My Dad, he's really the only one in good shape. He works out, and is really strong, which is a good thing, as us girls really need the help!

Mom was a distinctly chubby eighteen year old when she married him. Since then she's gone through three pregnancies and a lifetime of overeating and idleness. We have a maid come in and do the cleaning. All Mom has to do is heave her bulk out of bed, to the bathroom, and down the hall into the kitchen for something to eat. When her belly is comfortably stuffed, she waddles back into the living room with her belly apron bouncing off her knees and butt wobbling like jello, to slump into a couch and doze off in front of the TV. A few hours later, she heaves herself up again and goes to eat some more, sleep some more, eat some more... It's no wonder she's gotten quite fat.
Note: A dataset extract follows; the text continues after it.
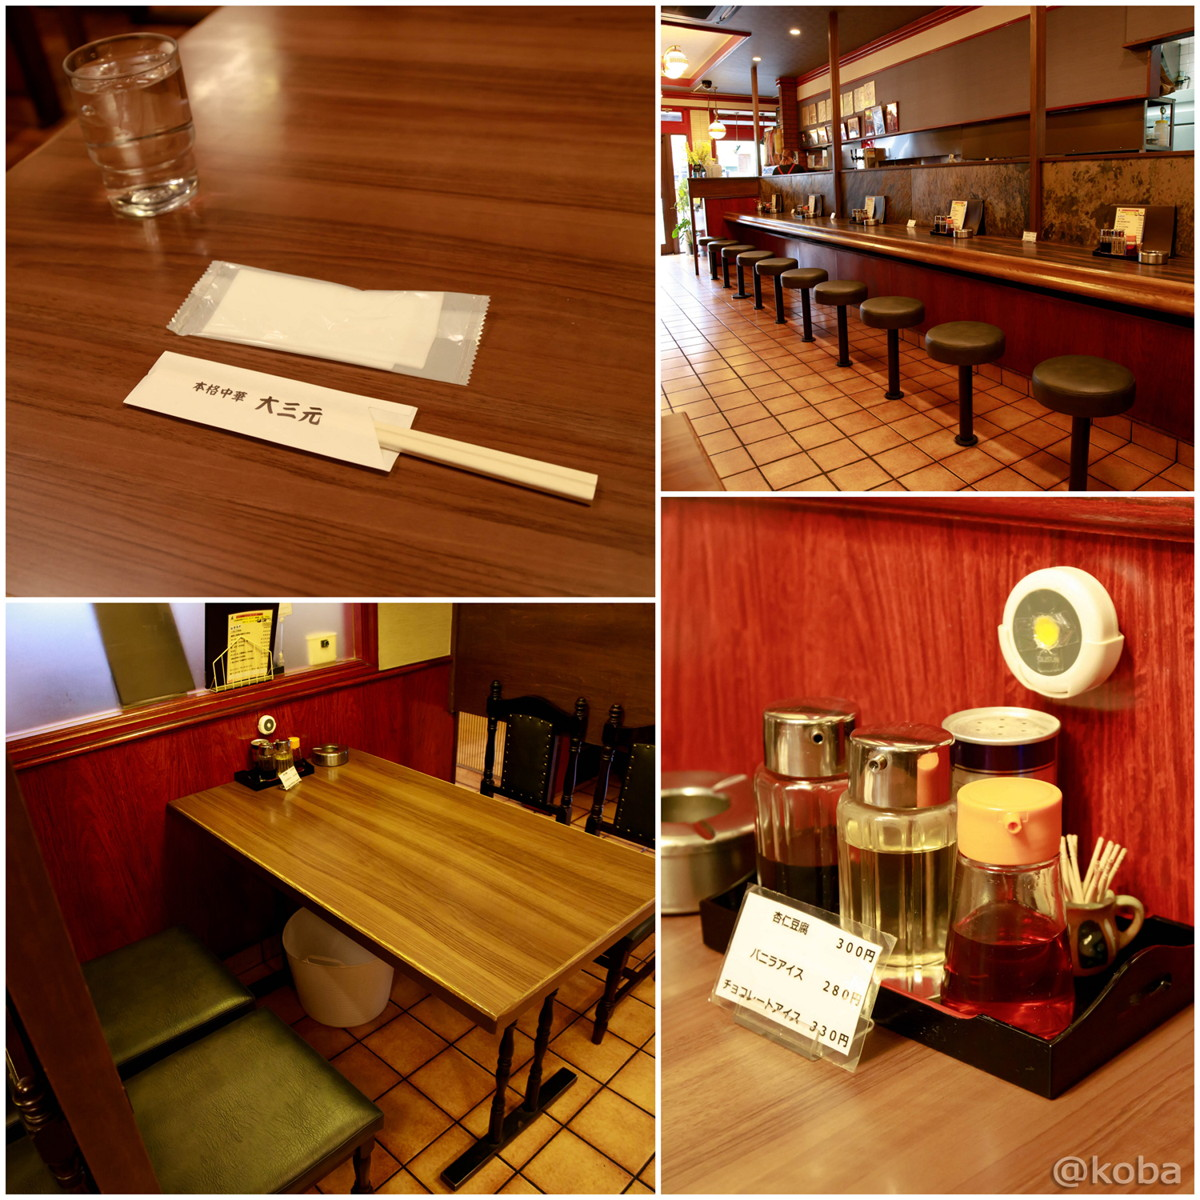 内観写真 東京 新小岩 大三元(だいさんげん) 中国料理│こばフォトブログ

My oldest sister, Maya, though, is even fatter. She's the only one of us with a job (except for Dad, of course) as a CPA for a small insurance company. She gets up at six am in order to have a truly monstrous breakfast, a giant stack of pancakes dripping in maple syrup and butter, a full pound of bacon, a pound of sausages, hash browns, half a dozen eggs all scrambled up together... And she parks herself at the table and starts gulping it down, until she's stowed away enough fat and grease and calories for six lumberjacks, before Dad helps his thoroughly bloated daughter out to her car.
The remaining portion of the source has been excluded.